Nama ayahnya Abdullah Aidit, seorang buruh perkebunan tamatan sekolah HIS. Dipa Nusantara Aidit kelahiran Medan tanggal 30 Juni 1923.
Kemudian keluarganya pindah ke Belitung dan di sanalah ia menamatkan sekolah dasar. Saudaranya 4 dengan dia, semuanya lelaki: Basri, Sobron, Murad, dan D.N. Aidit.
Semuanya pengikut Marx dan Lenin hanya ada yang aktif ada yang tidak. Ibunya meninggal tatkala bung Aidit berumur 6 tahun.
Di Belitung ada tambang. Sering bung Aidit bersama teman-temannya masuk ke tambang sampai 200 m di bawah tanah. Kontras antara kehidupan buruh dan majikan berkesan padanya.
Begitu pula nasib yang dialami ayahnya. Sekalipun pendidikannya lebih tinggi, ia tetap buruh, sedangkan kepalanya, orang Belanda yang lulus sekolah dasar saja tidak, lagi tolol dalam pekerjaan.
Abdullah Aidit oleh anaknya dilukiskan sebagai seorang Muslim liberal. Liberal dalam arti membiarkan anak-anaknya memilih ideologi, lapangan hidup dan kawan hidup menurut kehendak mereka sendiri-sendiri.
Sekitar tahun 1937 bung Aidit tiba di Jakarta, masuk sekolah dagang sambil mengikuti kursus bahasa-bahasa asing.

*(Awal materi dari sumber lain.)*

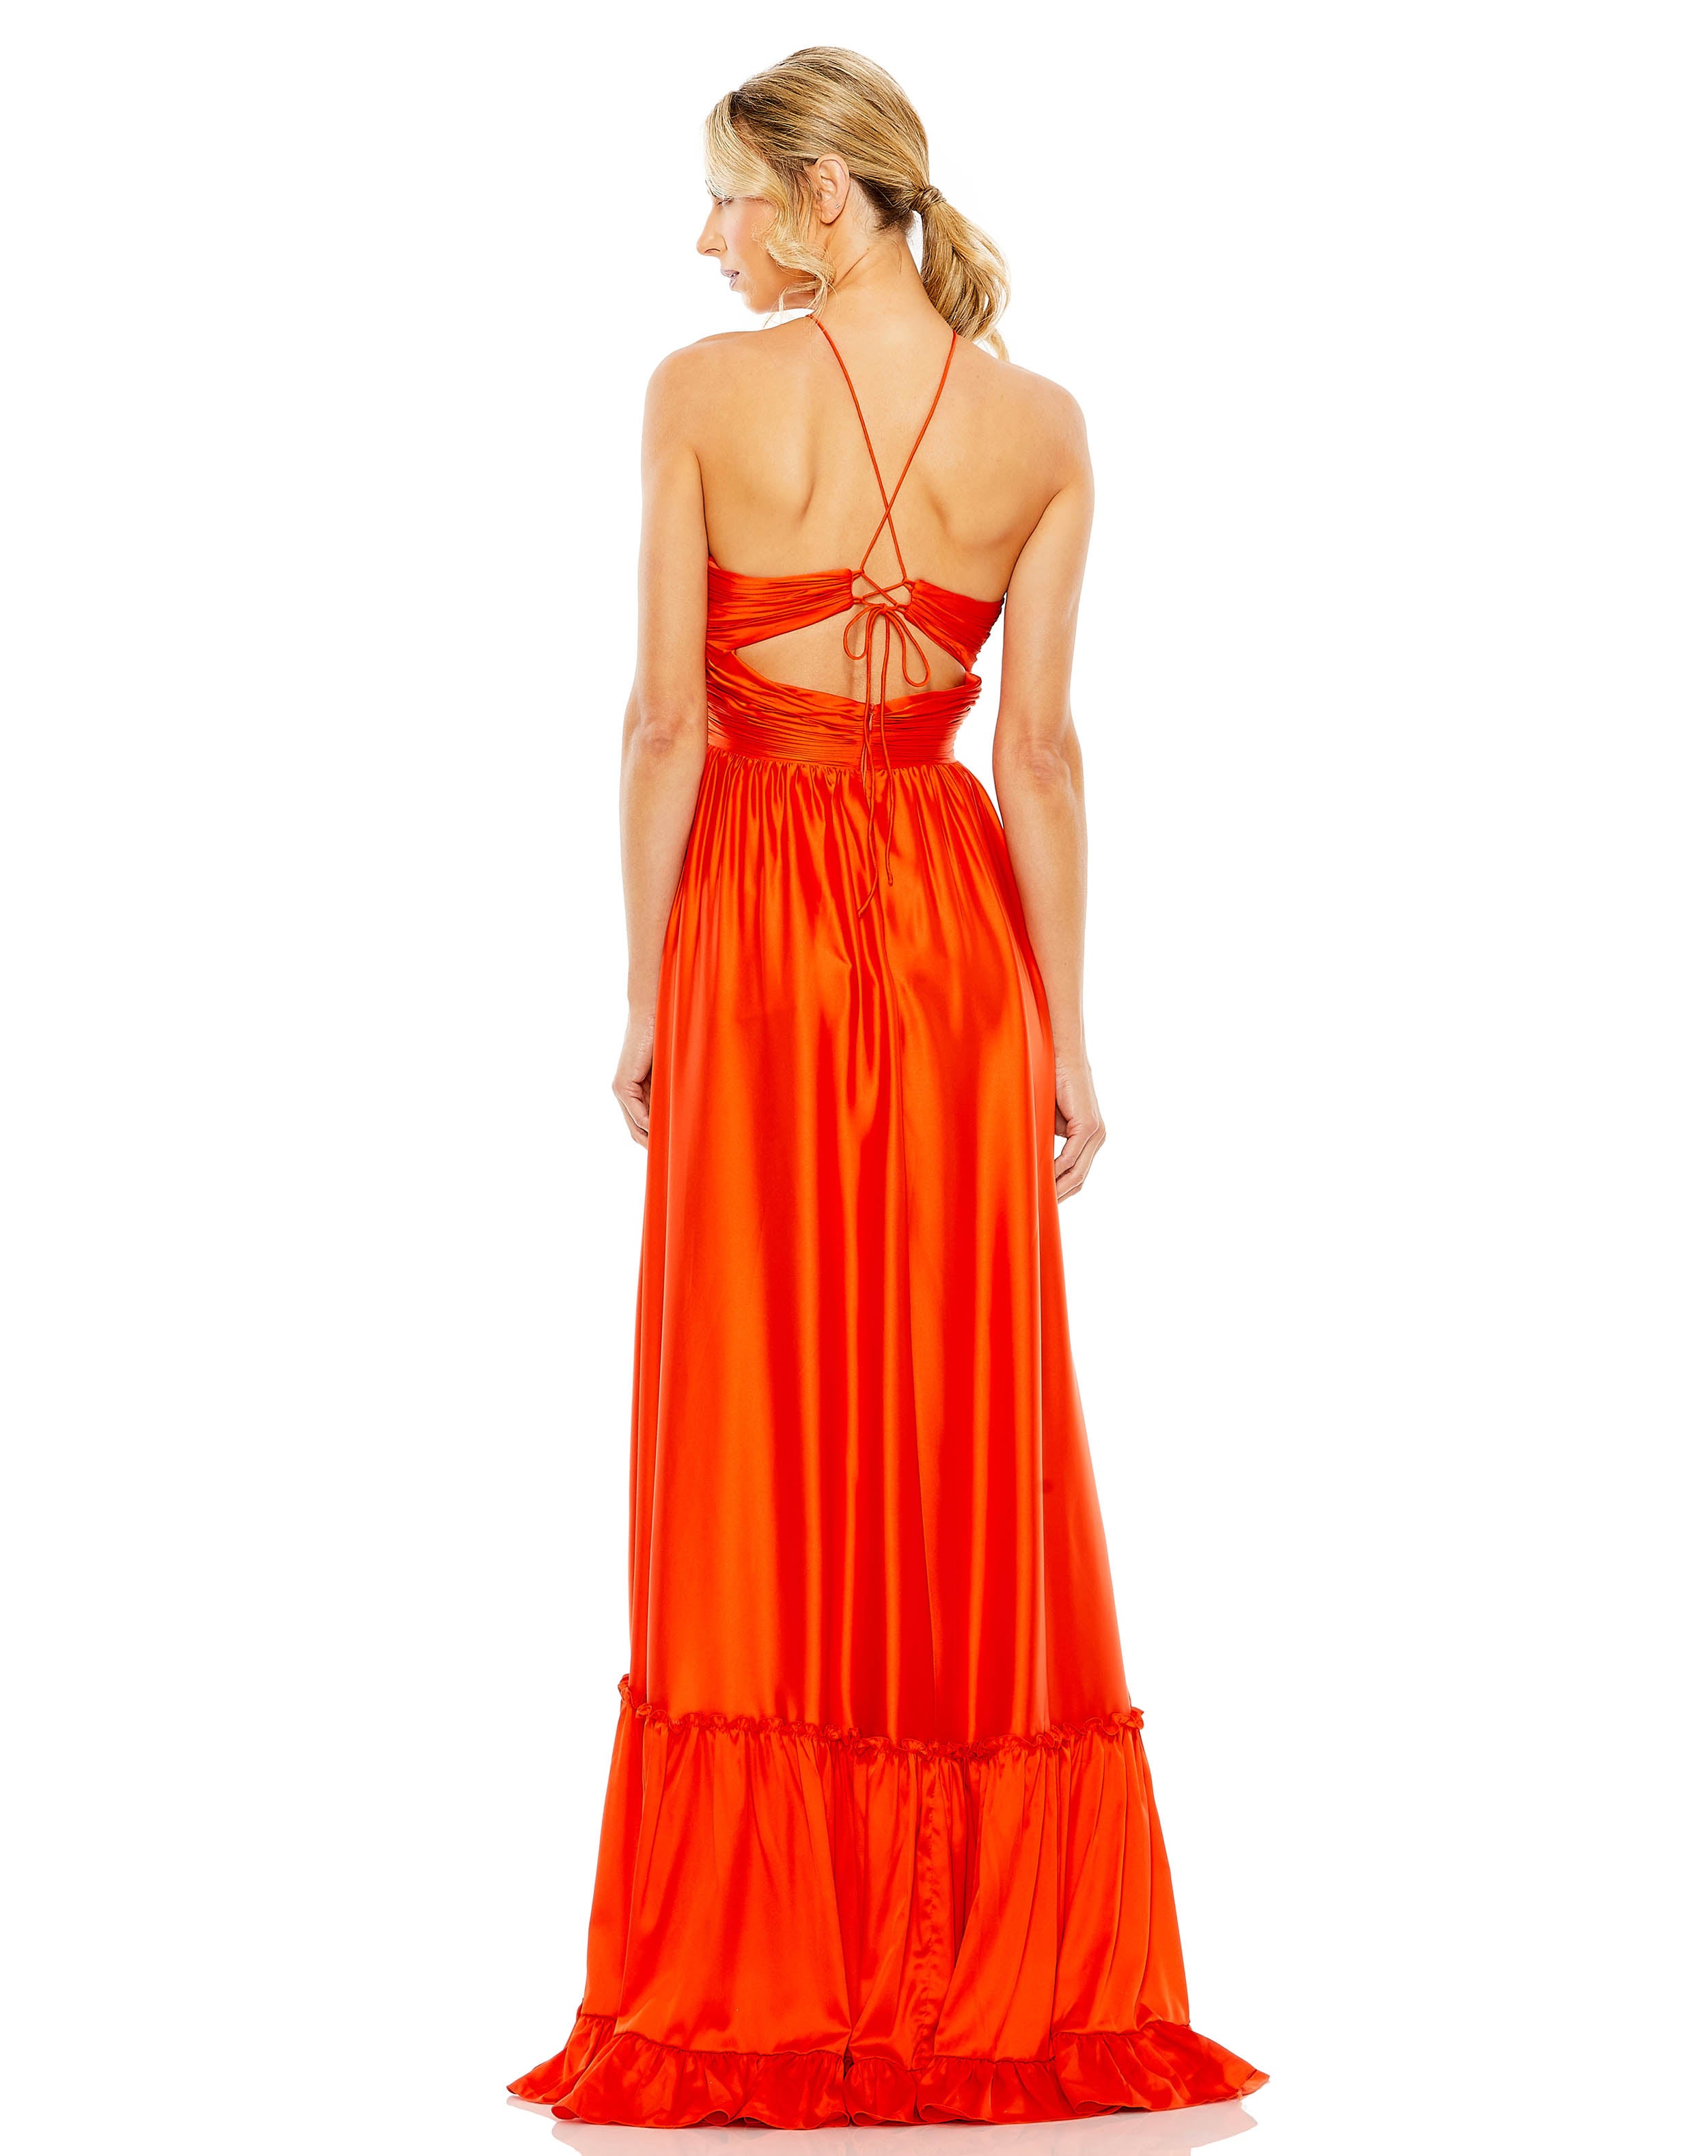 Ruched Tiered Criss Cross Spaghetti Strap Gown

Karena biaya macet, tidak sampai tamat.
Malahan pernah ia bekerja sebagai pembuat lubang kancing pada tukang jahit. Katanya, ia pun suka sekali ke museum membaca buku-buku.
Ganyangannya buku-buku sosiologi dari penulis-penulis bukan Marxis, Adler, Vierkandt, Max Weber, Le Bon, Rolandhols, Kautzky, adalah beberapa nama yang ia sebutkan.
Pandangan mereka tak memuaskan hatinya. Berlainan halnya tatkala ia membaca buku Manifesto Komunis dan buku-buku Marx dan Lenin lainnya.
Penderitaan lenyap apabila kelas-kelas itu lenyap. Tetapi untuk meniadakan kelas-kelas itu, justru dibutuhkan kesadaran kelas untuk dipertentangkan menjadi “perang kelas”.
Baru pertama kali itu kami berhadapan muka dengan bung Aidit. Yang istimewa ketajaman matanya dan roman muka yang menunjukkan intelegensia tinggi.